Feb 12 '25 23:02 Be-ing

Some blogs about async drop: https://without.boats/blog/asynchronous-clean-up/ https://sabrinajewson.org/blog/async-drop https://smallcultfollowing.com/babysteps/blog/2023/03/16/must-move-types/

TL;DR: It's complicated and Rust is a long way from async drop being implemented. Probably not for some more years.

Blocking in Drop is an ugly workaround, but I think it's sufficient for now.

Feb 15 '25 05:02 Be-ing

You'll need to handle dropping Directories too.

Feb 15 '25 13:02 thejpster

Directory::drop doesn't make any async calls, so there's nothing to do there. The existing implementation is already enough.

Feb 15 '25 19:02 Be-ing

Ah! Yes you're right.

Feb 15 '25 22:02 thejpster

Ok, I need to find time to test this!

Feb 15 '25 22:02 thejpster

Still on my list - maybe after Embedded World

Mar 02 '25 19:03 thejpster

OK, this looks fine. @Be-ing, if you can run a cargo fmt and rebase, let's get it done.

Mar 16 '25 13:03 thejpster

I just ran into a panic while using this branch when drop is called on an open volume. I'm using the embassy executor.

When drop is called I get this panic message

0.052407 ERROR panicked at 'Found waker not created by the Embassy executor. `embassy_time::Timer` only works with the Embassy executor.'
└─ embassy_executor::raw::waker::task_from_waker @ /home/alexander/.cargo/registry/src/index.crates.io-1949cf8c6b5b557f/embassy-executor-0.7.0/src/raw/waker.rs:38  
0.052459 ERROR panicked at /home/alexander/.cargo/registry/src/index.crates.io-1949cf8c6b5b557f/defmt-0.3.10/src/lib.rs:380:5:
explicit panic
└─ panic_probe::print_defmt::print @ /home/alexander/.cargo/registry/src/index.crates.io-1949cf8c6b5b557f/panic-probe-0.3.2/src/lib.rs:104

Calling block_on from within an embassy executor is allowed by itself, so there must be something within the code that's called from drop that causes this. Or it's a bug in the embassy executor. The panic message is not very helpful since this crate doesn't depend on embassy-time.
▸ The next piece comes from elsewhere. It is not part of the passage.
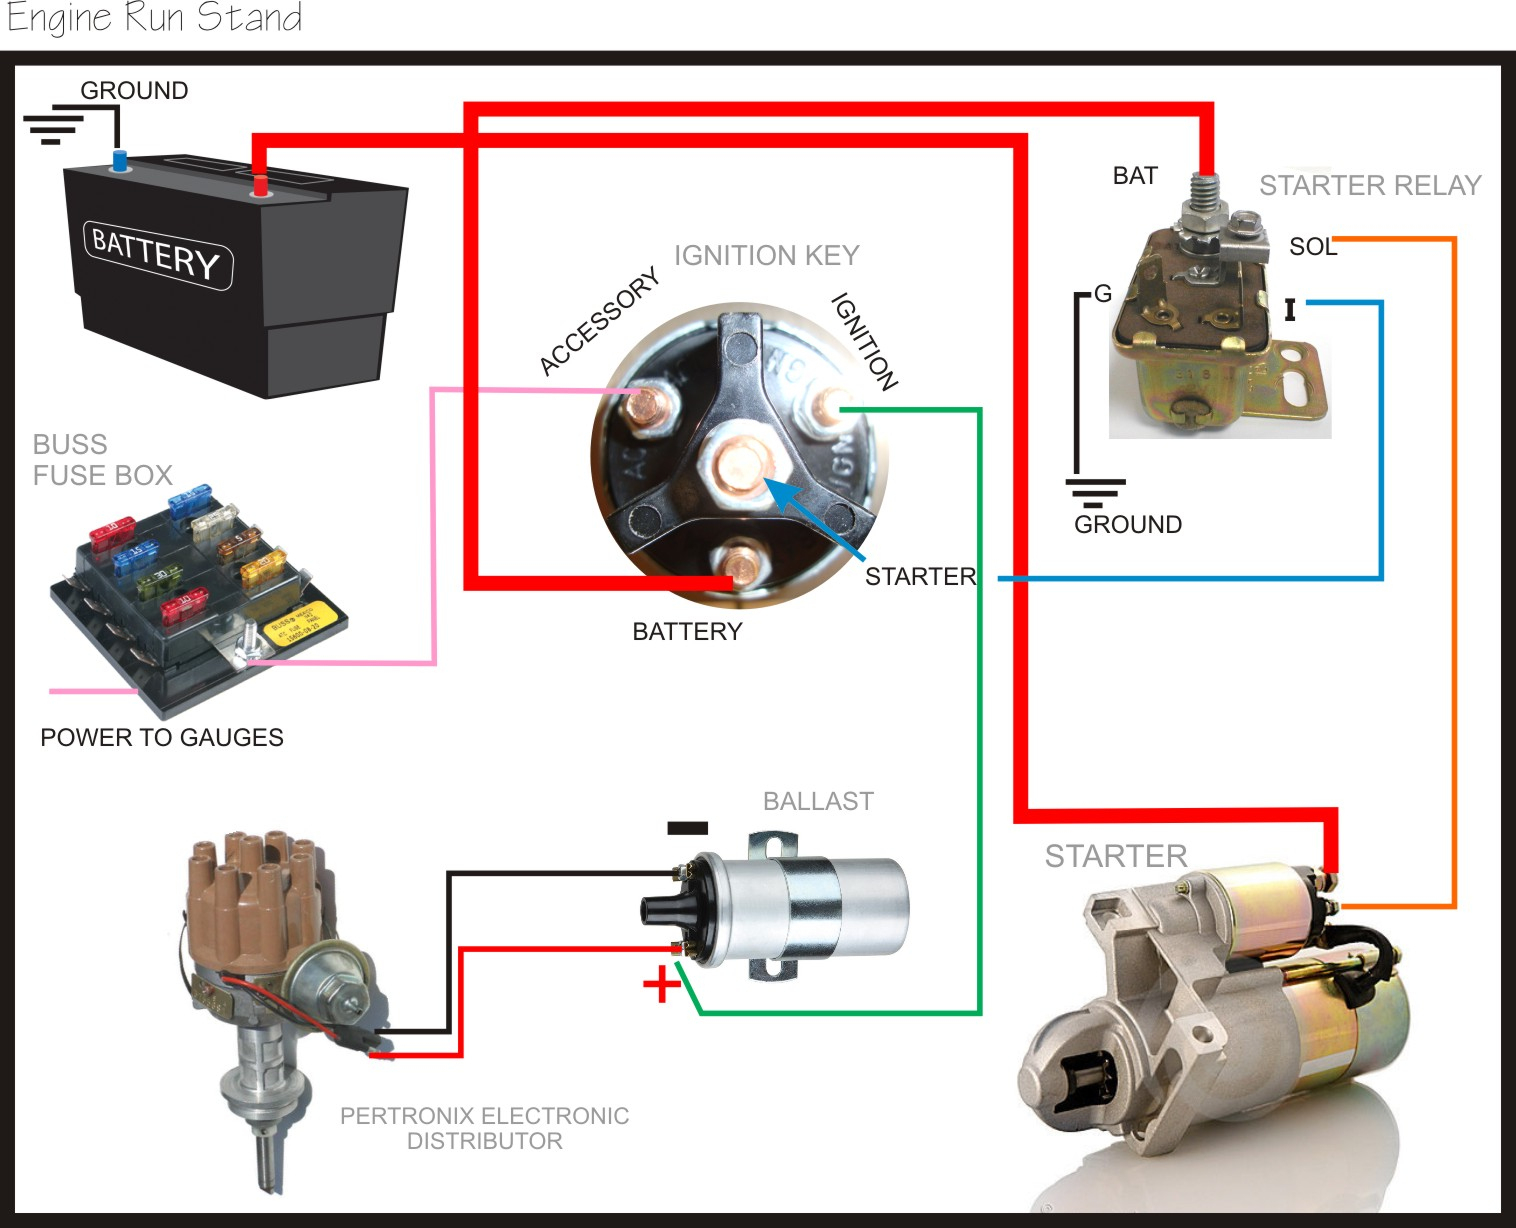 Help Wiring A Engine Run Stand Please! (Easy Diagram) | Moparts - Kohler Ignition Switch Wiring Diagram

I didn't dig any deeper yet but I created this repo that reproduces the problem: https://github.com/avsaase/embedded-sdmmc-async-drop.

Mar 20 '25 21:03 avsaase

This is a known issue if I remember correctly, it's intended behavior and the code from the user main should use the feature generic-queue-x. This is documented in the embassy-time documentation. It is maybe useful to add a note for that on the README and docs, but I'm not sure if this library should provide additional feature flags or other stuff to manage that.

Mar 20 '25 23:03 ValouBambou

Okay, so what happens is that the async DelayNs implementation of embassy_time::Delay awaits a timer which causes a panic when run in embassy_futures::block_on if generic-queue-x is not enabled. It would definitely be good to document this somewhere but I wonder if it's possible to avoid the problem altogether. One possible solution is to require users of the async api to pass in an implementer of both embedded_hal::delay::DelayNs and embedded_hal_async::delay::DelayNs and use the blocking DelayNs in the Drop impl. I haven't checked yet how pervasive this change would be in this code base. I can have a try over the next few days but it would be nice to hear from @thejpster and @Be-ing if they think this is good approach before I spent half my weekend on it.

Mar 21 '25 09:03 avsaase

Thanks for testing and digging into this @avsaase and @ValouBambou! I documented the requirement for enabling a generic-queue-x feature on the embassy-time crate when dropping a File or Volume from an Embassy executor.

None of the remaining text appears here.